Nyahhh, that’s information. It just depend on how you use it.

Ok, this is exactly what we’ve been discussing. Why is that stock valuable? I understand why the company is valuable, but why the stock? Why is a owning BH stock certificate any different from owning a blank piece of paper? I expect the answer to be that by owning the stock I own a piece of the company, but what does that mean? What does the stock entitle me to that the piece of paper doesn’t?

Look at it from the point ov view of the IPO investor. What did he get in exchange for his money? If there are no dividends and no assets that will be liquidated, it might as well be a thank you card for the donation to Warren Buffet’s wallet. Sure, if other people are willing to pay even more for the thank you card, then that is the card’s value and it was a good investment, but it seems pretty silly. It’s a stock, not a baseball card.

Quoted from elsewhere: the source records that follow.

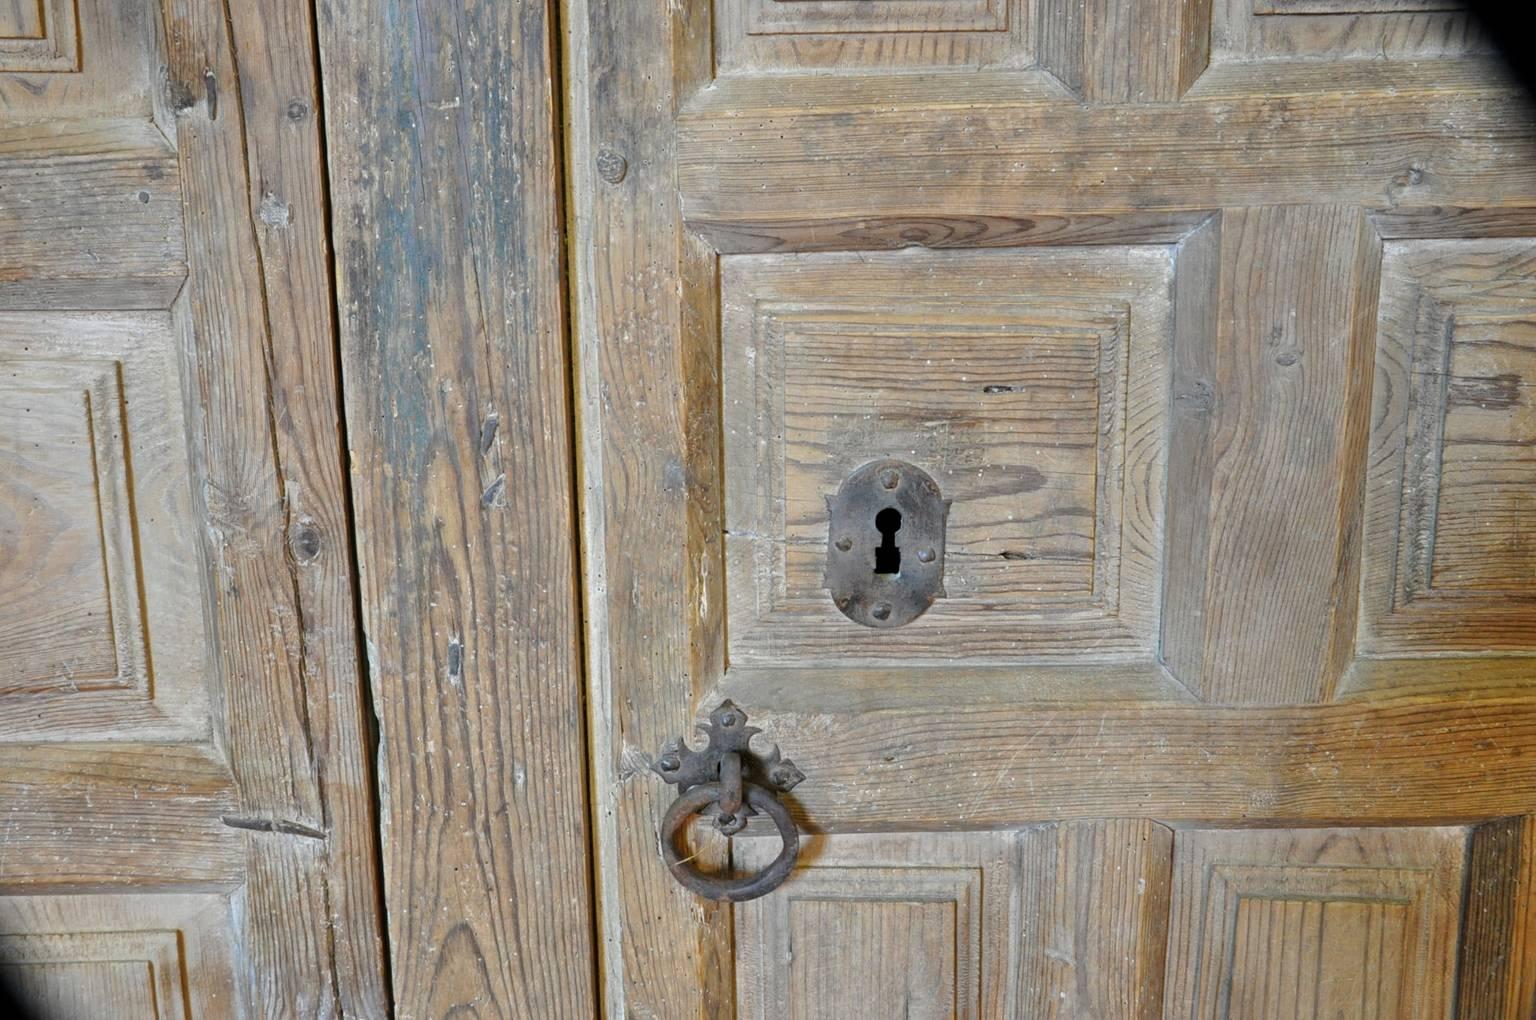 Spanish Pair of 18th Century Catalan Entry Doors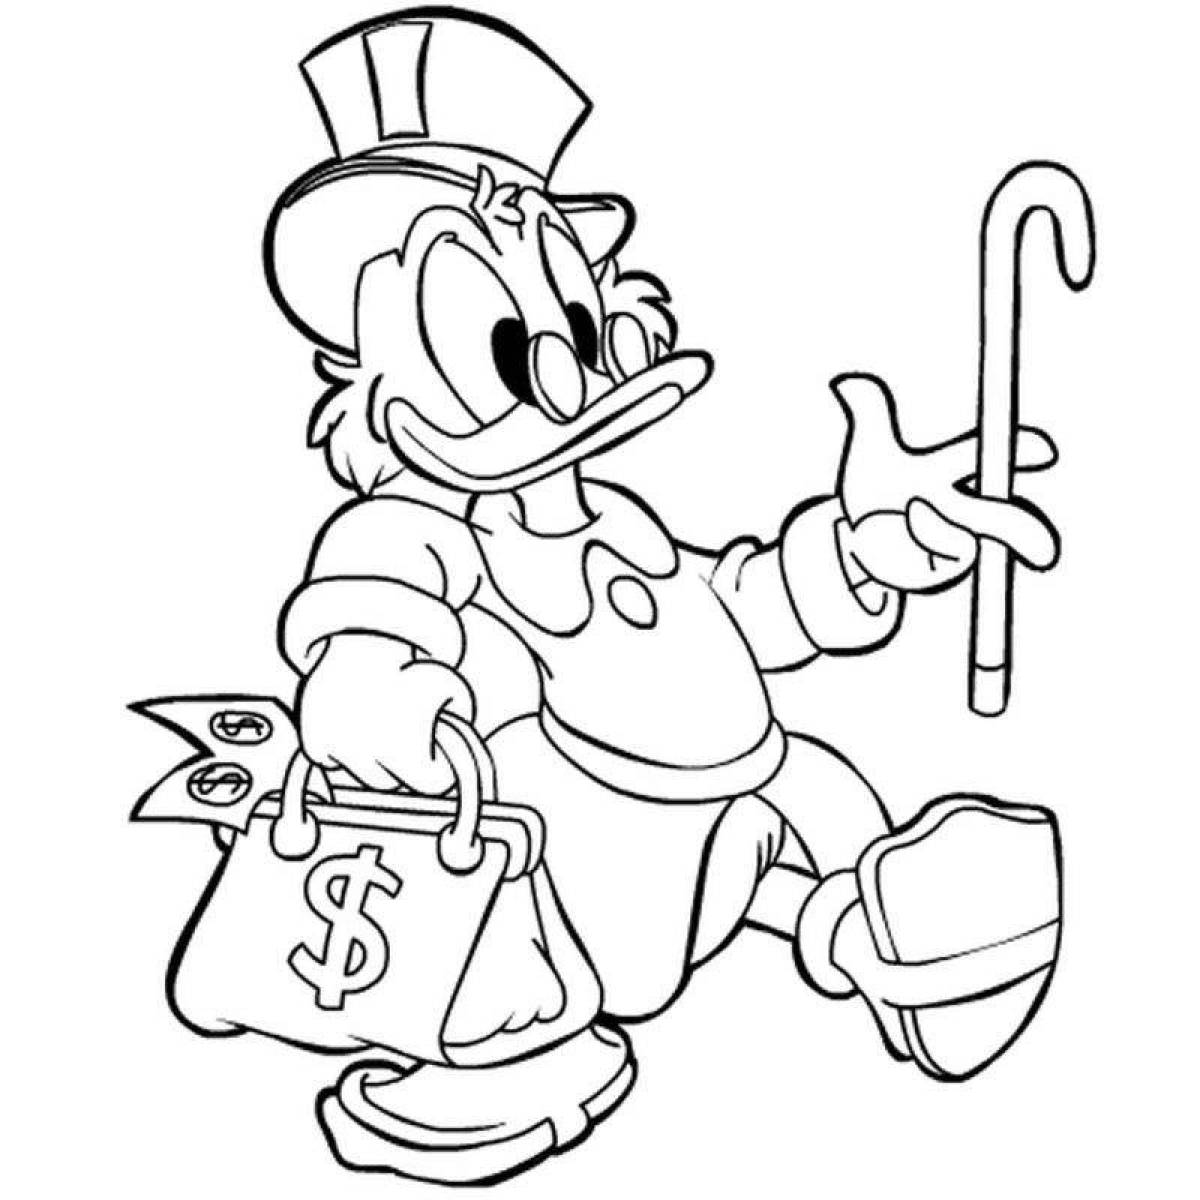 Rampant Scrooge McDuck coloring page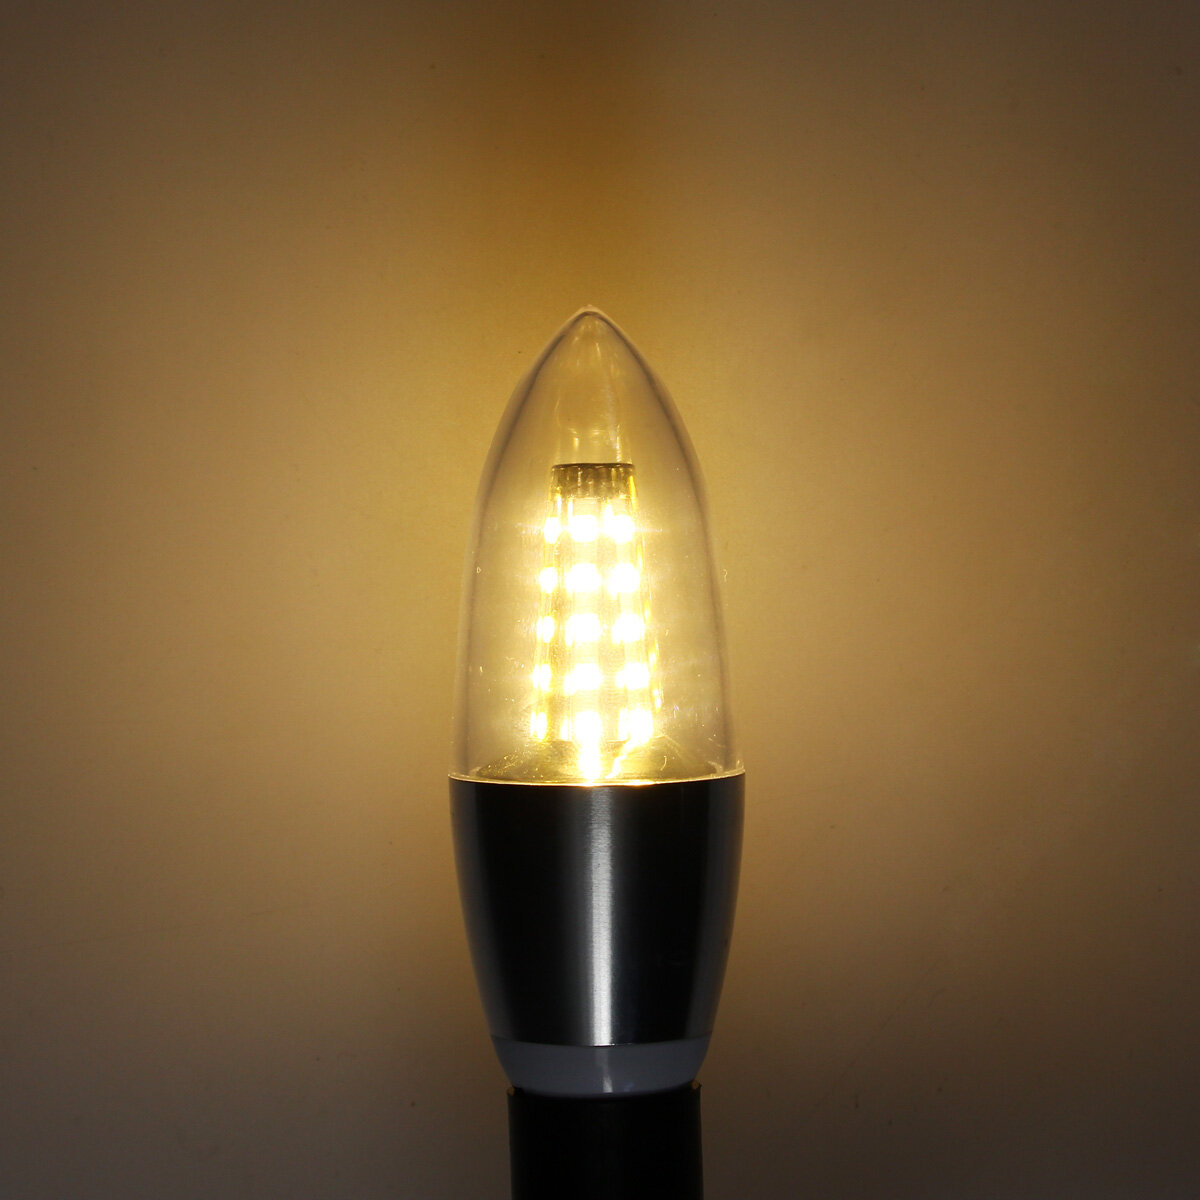 KingSo LED Filament Gloeilamp Warm Wit/Wit Licht 550LM E12 Kandelaar Basislamp 5.5W Gloeilamp Vervan

Well, this is where the phrase I used, “valuable underlying asset”, comes in. In this case, we have a profitable insurance company led by a management team that makes it even more valuable by backing it with good investments and a very loong track record of making good investments.
If you ever broke that company apart, there would be all kinds of valuable underlying assets to sell to the public through an IPO or to private equity investors. That’s what backs up the stock price.
Still in all, I hesitate before I buy a company that doesn’t pay a dividend. Buffett is about the only CEO who’d get a pass for not doing so, since in his case you know he’s not issuing options to his employees as compensation, or issuing options to himself that are backdated, both of which practices make more sense if you’re not paying a dividend.

Well, sure, that’s the correct answer, but Scylla implied that that doesn’t matter, since the company will likely never be broken apart.